2. Only one of the 77 References used is from the current year. Try to incorporate more recent citations.

1. Thank you. We have been asked to add a concluding section that also includes future prospects, in which we have included 2023 references. (Ref 3 and 82)

3. Most of the Figures have no declaration regarding their source or copyright. Please make it clear the source of the data presented in Figure 2, for instance, (as well as other data presented in other places of the manuscript) and add Reference(s).

1. Thank you. We have obtained copyright permission for use of the cancer immunity cycle Figure 1C, and acknowledge that in the figure legend (L104-109). 

Figure 2 showing graphical illustration of thin film LXA4 liposomal synthesis and all subsequent figure graphics were created by the authors and have not been published elsewhere.  Accordingly, there is no copyright issues

4. In some instances, punctuation errors are present, please amend. Examples include: "... single-digit range[1]." (space required after "range"); also in Line 105: "... cycle10] ...".

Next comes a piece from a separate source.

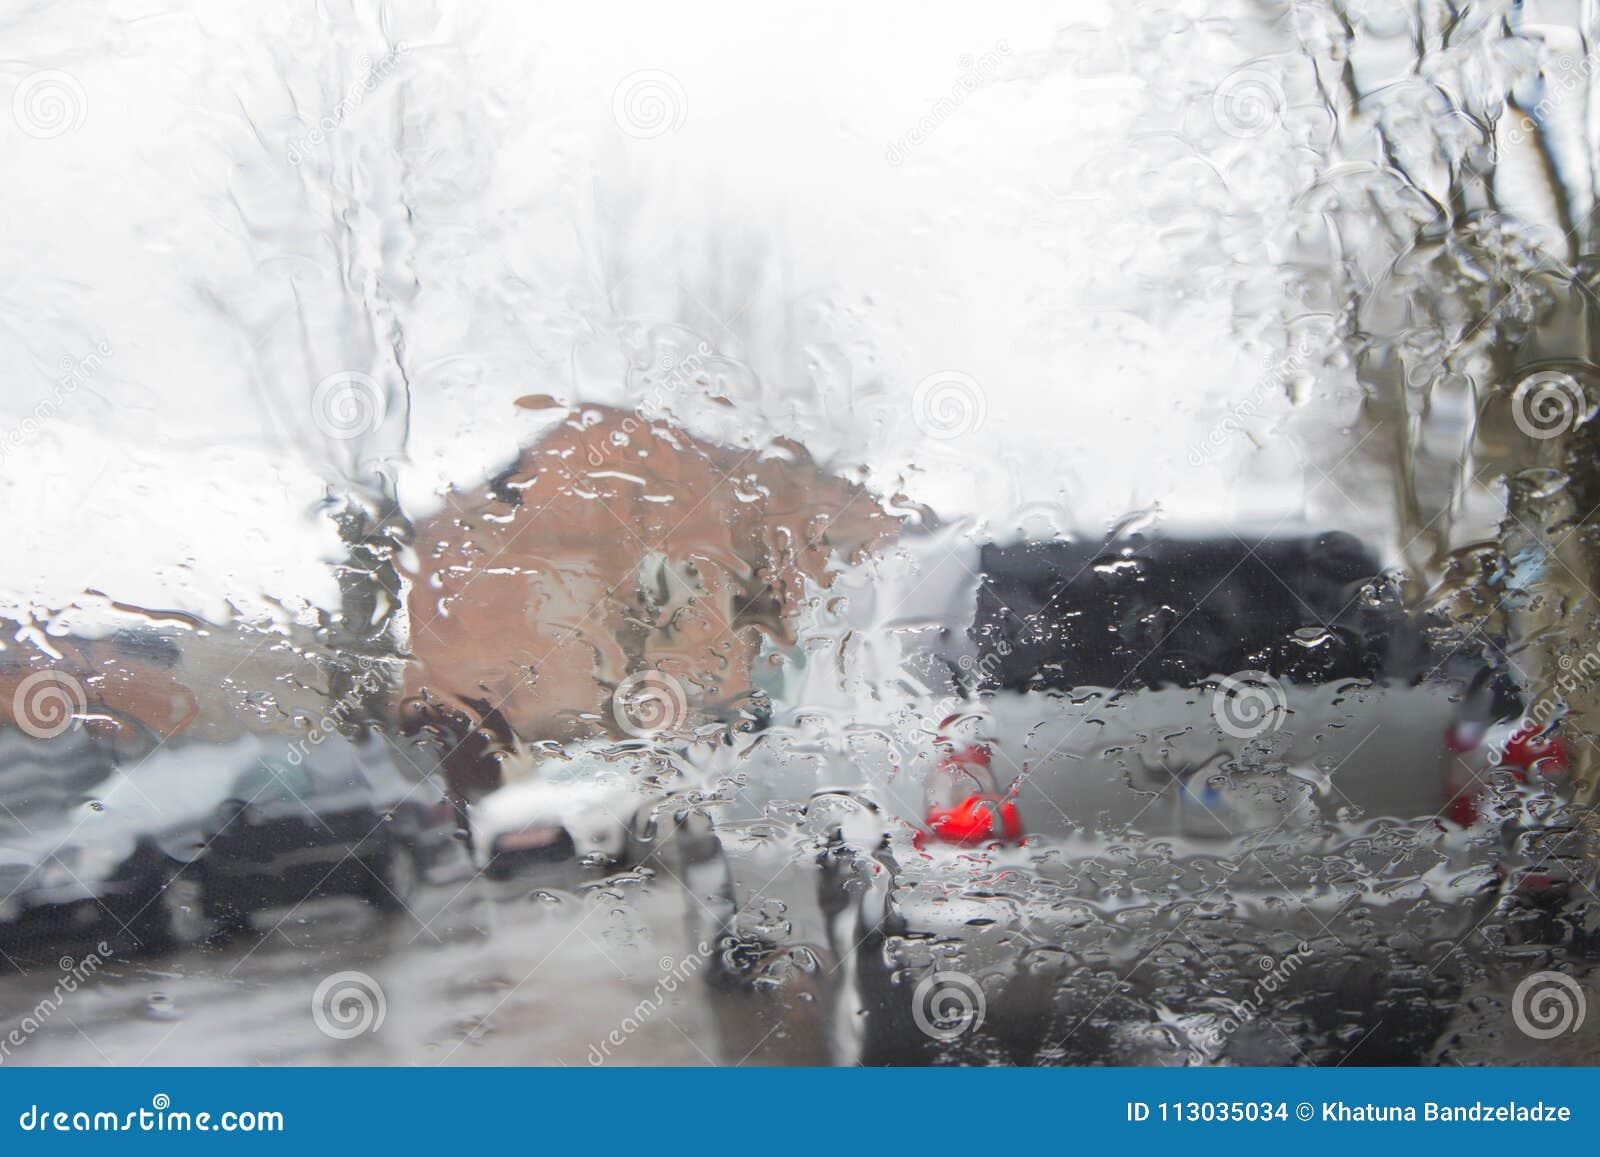 La silueta borrosa del coche vista a través del agua cae en el parabrisas del coche Días lluviosos

1. Thank you for pointing that out. We have made the following changes:

• L142-145: This design allowed boosting of the irinotecan-induced ICD response in an orthotopic PDAC model through the ability of TLR7 to enhance dendritic cell activation and T-cell recruitment to the PDAC site. (double space)
• L176-181: We are particularly interested in the role CAFs play in programming the TME by a range of soluble mediators, including transforming growth factor-beta (TGF-β), interleukin 6 (IL-6), matrix metalloproteinases (MMPs), vascular endothelial growth factor (VEGF), hepatocyte growth factor (HGF), stromal cell-derived factor 1 (SDF-1), hypoxia-inducible factor-1 (HIF-1), and tissue inhibitors of metalloproteinases (TIMPs).
• L340-342: Four mutations (G12, G13, Q61, G12D), cover more than 99% of the PDAC mutations, with KRAS G12D contributing up to 45% (Fig. 4).
• L347-348: This has resulted in demonstrating therapeutic responses to mutated KRAS peptides in human PDAC trials. (double space)
• L418-420: 5×10⁴ KPC cells, undergoing ICD, were administered in one flank of the animal to induce a protective immune response, demonstrated by growth failure of live KPC cells, injected in the contralateral flank a few days later.

5. In Figure 1 legend please rephrase the sentence: "... inducing chemo agents (e.g., irinotecan, doxorubicin, mitoxantrone) into liposomes ...".

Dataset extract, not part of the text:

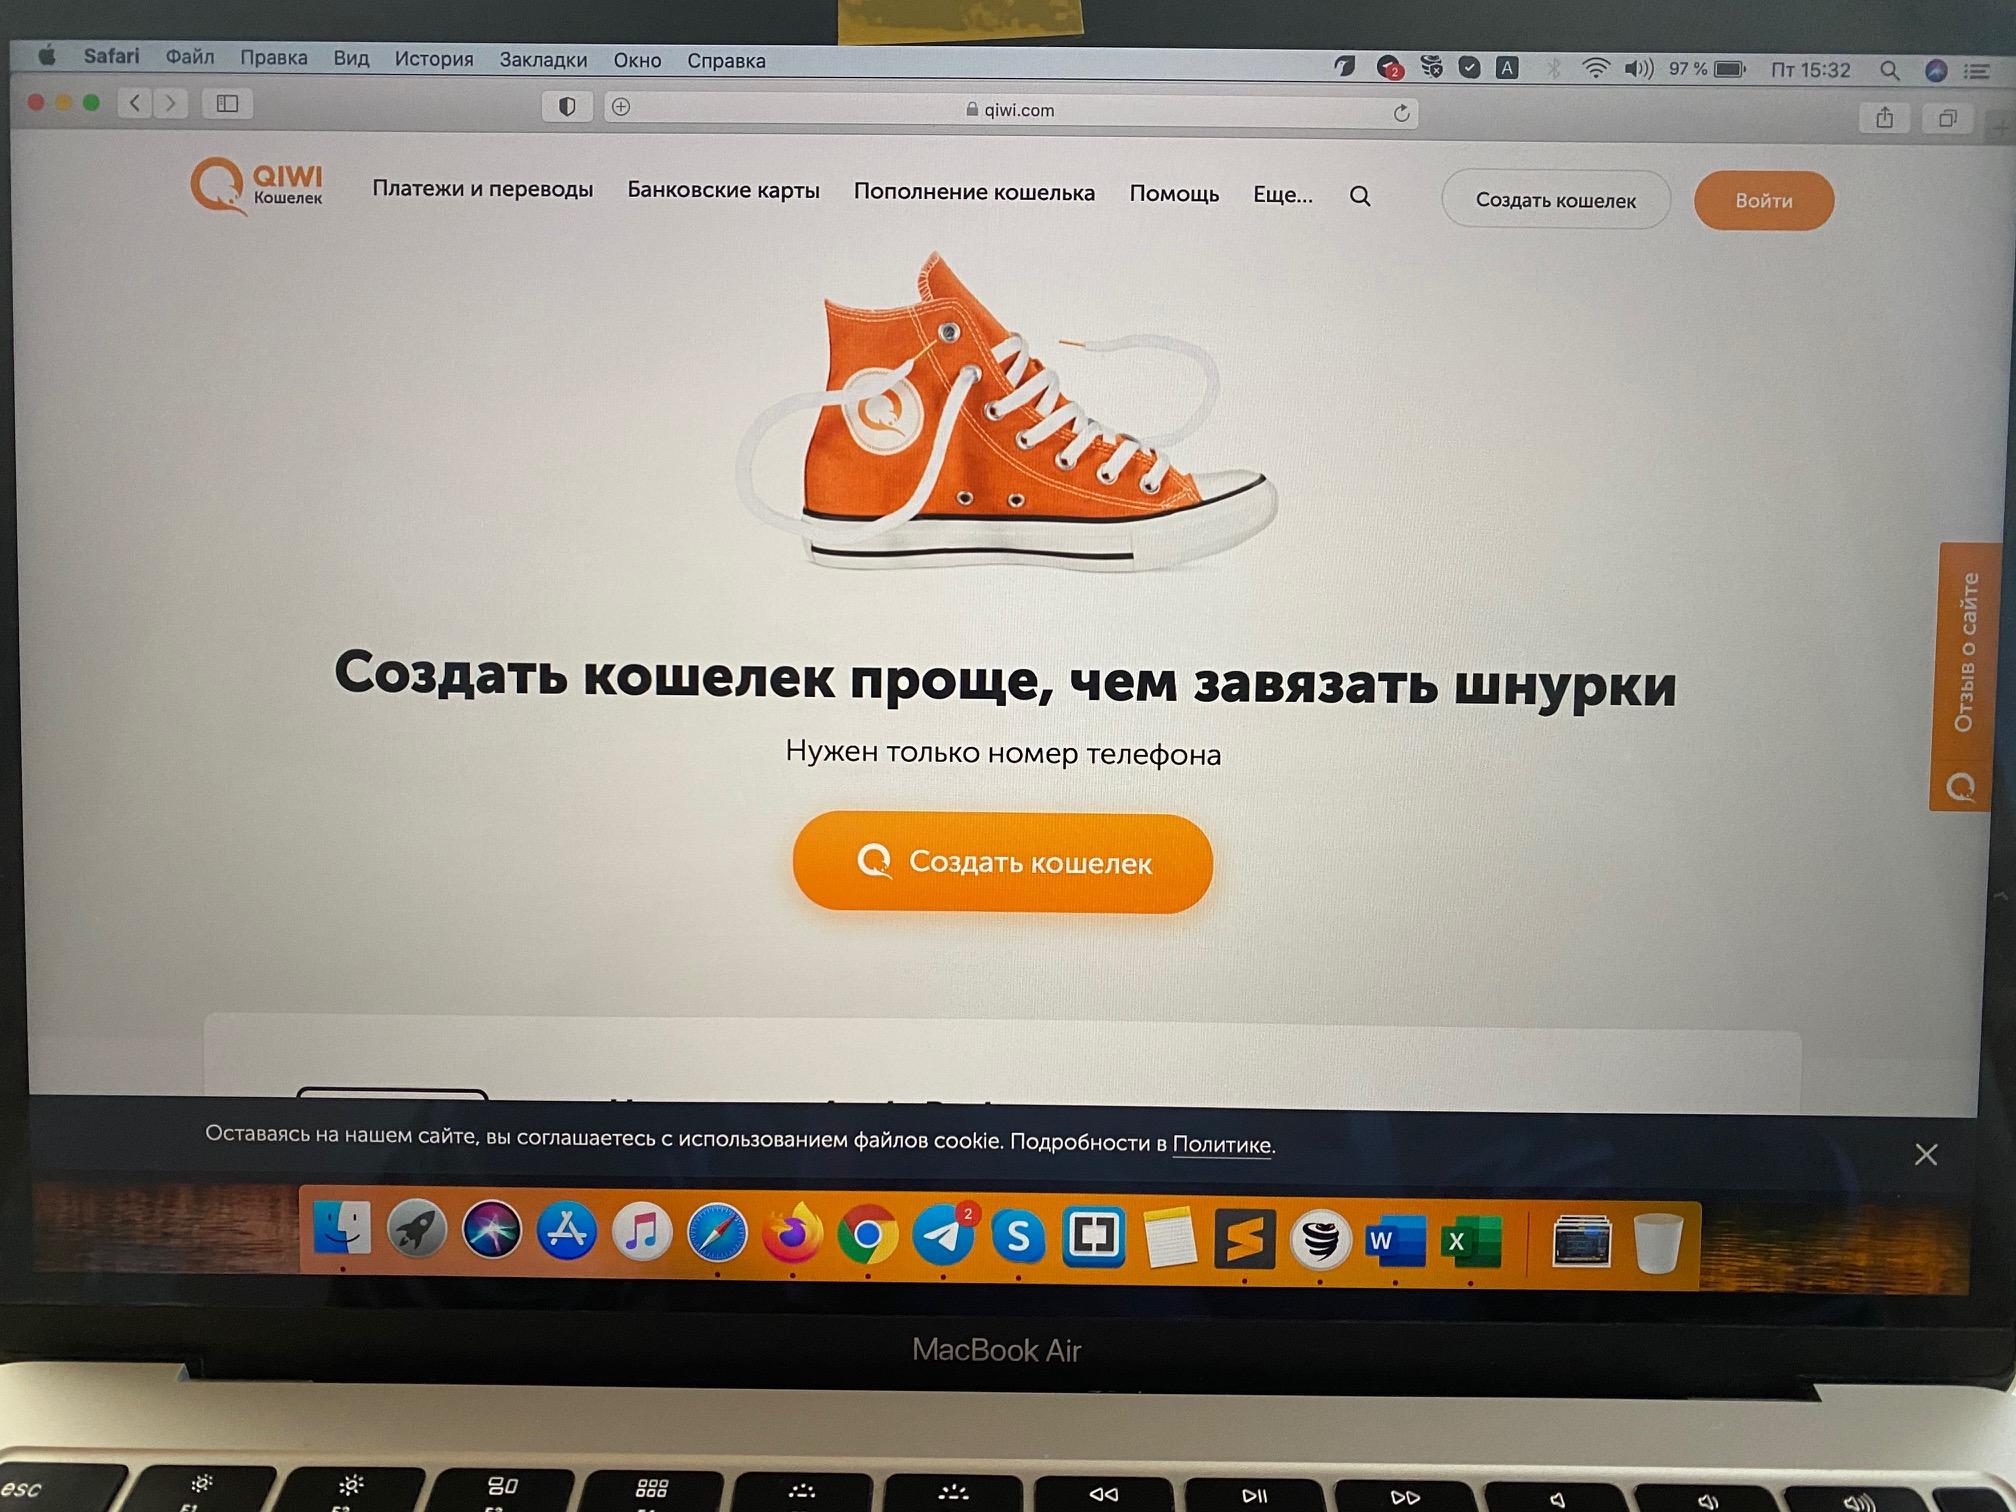 А это Qiwi-ЦУПИС на rutopbk.ru

1. Thank you. We have changed in this sentence as well as the caption and two following sentences in the legend to be cohesive (L88-94). It now reads as follows:

 “Figure 1. Use of lipid bilayer encapsulated nanocarriers for endogenous chemo-immunotherapy, to be boosted by KRAS neoantigen-delivering polymer nanoparticles. (A) Schematic to illustrate combination drug loading into liposomes and silicasomes, including remote loading of chemotherapeutic agents that induce immunogenic cell death (ICD), such as irinotecan, doxorubicin, mitoxantrone. The schematic also explains the use of protonating agents (e.g., ammonium sulfate, citric acid, sucrose octa sulfate) for remote import across the lipid bilayer, also serving as a carrier component for incorporating hydrophobic drugs (e.g., paclitaxel, 3M-052) or lipid-conjugated prodrugs, capable of synergizing with the chemotherapeutic agents.”. 

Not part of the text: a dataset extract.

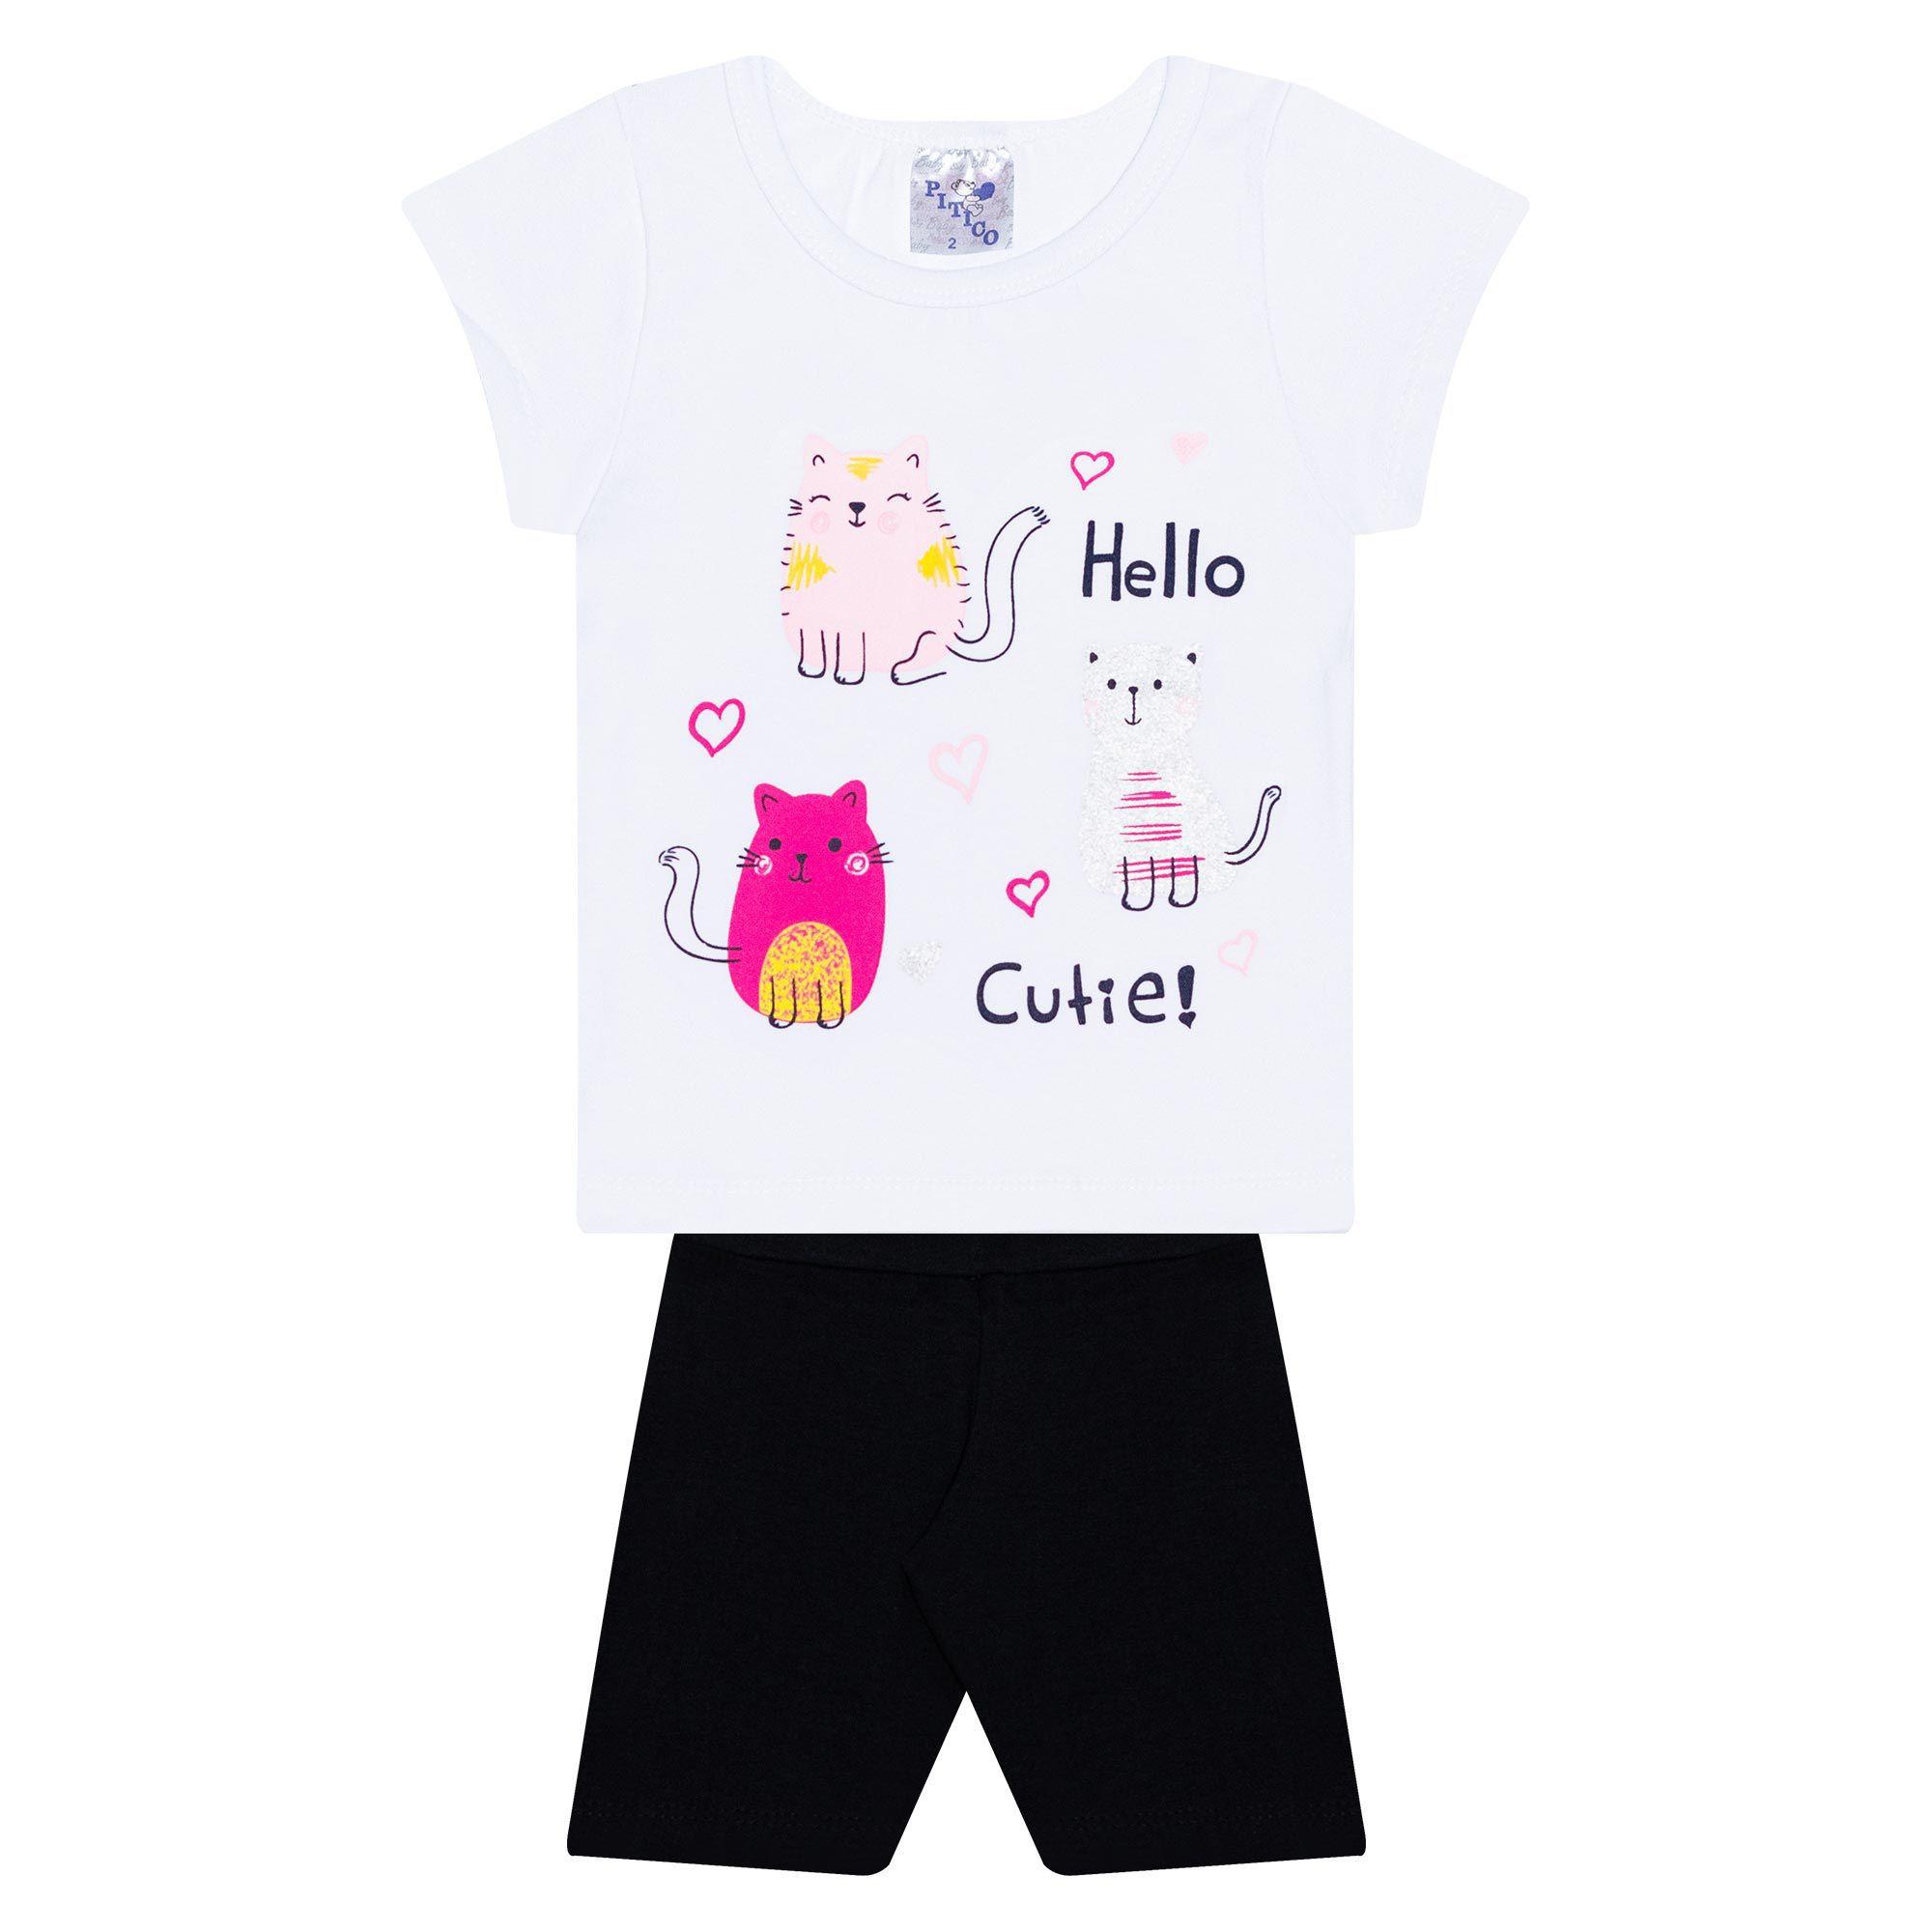 Conjunto Infantil Feminino - Ref 1023 - Branco/Preto - Pitico

6. Not much mentioned about the extremely important topic of the adjuvant properties of liposomes. Authors are encouraged to consult following recent publications: Liposome, nanoliposome and allied technologies in COVID-19 vaccines: key roles and functionalities. Methodical design of viral vaccines based on avant-Garde nanocarriers: A multi-domain narrative review.

1. Thank you. While agreeing that adjuvant properties of liposomes and viral vaccines are indeed important topics, we were asked in this Communication to limit the scope and theme of discussion to new research in an ongoing research theme, without making it a review that discusses a wide range of topics due to the imposed space limitations. We will keep these topics in mind in future communications.

Round 2

Reviewer 4 Report

I am satisfied with the modifications from the Authors as per my comments. The quality and presentation of this work are improved.

Author Response

Thank you for your comments. We are happy that the changes made were agreeable.